Comme chaque année, le 12 mai, l'association des harkis aveyronnais a organisé une cérémonie mémorielle à Brusque, Saint-Rome-de-Cernon (Nouzet) et La Cavalerie. Les participants ont fleuri les monuments à la mémoire des harkis qui ont vécu et travaillé en ces lieux.
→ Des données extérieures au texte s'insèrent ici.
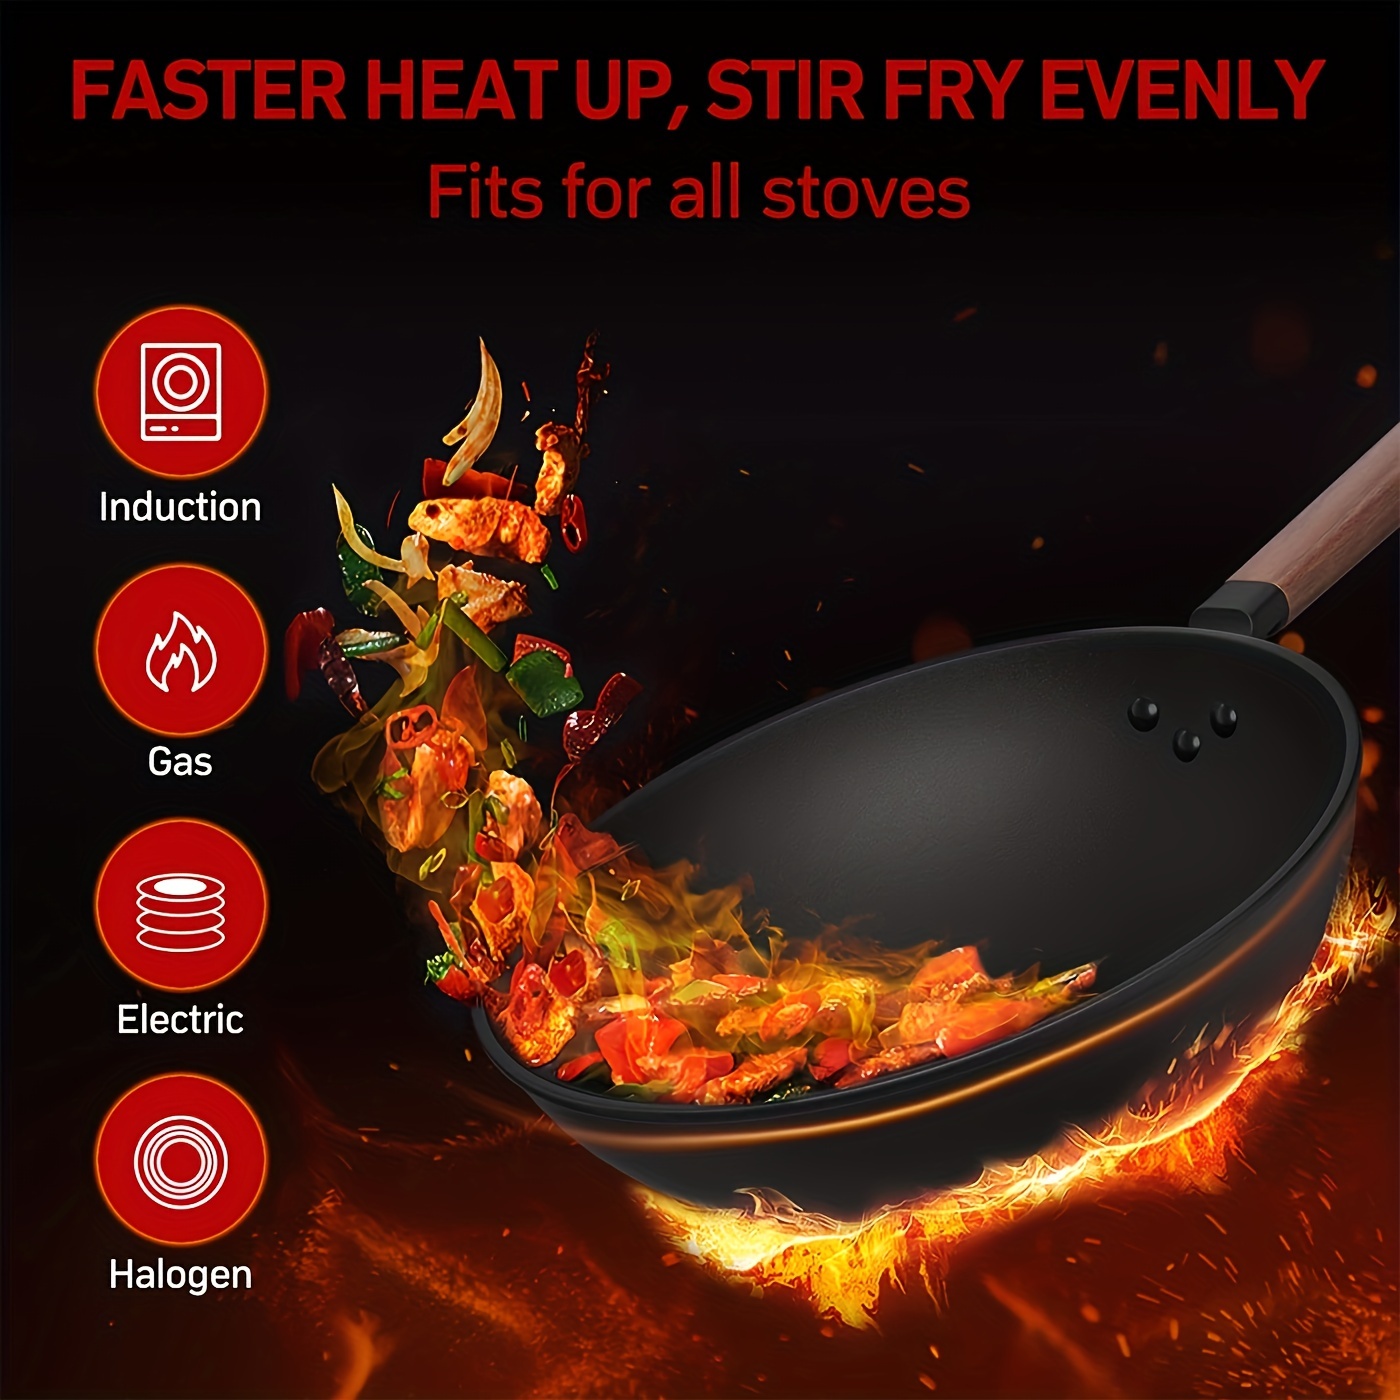 Wok Pan With Lid Carbon Steel Wok Nonstick Woks And Stir fry - Temu

Un moment de recueillement à Nouzet
À Nouzet, devant la stèle érigée en bordure de la départementale, en présence de Jean-Marie Schmerber, conseiller municipal représentant le maire, des porte-drapeaux de la commune et de quelques Saint-Romains et habitants du hameau, Bernard Rénéro, représentant le président de l'association des harkis, a rappelé l'origine de cette manifestation.
Il a évoqué le souvenir de ces milliers d'hommes, membres de l'armée française, qui, suite aux accords d'Évian du 19 mars 1962, se sont trouvés menacés de mort dans leur pays d'origine et rejetés par la France. Le 12 mai 1962 est pour la communauté harki le jour de l'abandon.
Des conditions indignes
Bernard Rénéro a également rappelé les conditions indignes dans lesquelles ont été accueillis en métropole ceux qui, grâce à la complicité d'officiers en désaccord avec leur hiérarchie, ont réussi à passer en France avec leurs familles. Placés en camps de rétention, ils ont ensuite été dirigés vers des camps de forestage comme à Nouzet et Brusque. Des blessures qui sont toujours des plaies ouvertes.
Fin de la cérémonie
Après le dépôt de gerbes et la minute de silence, la cérémonie s'est achevée par la Marseillaise interprétée a cappella, avant que la délégation harkis ne reprenne la route vers La Cavalerie pour un nouvel hommage.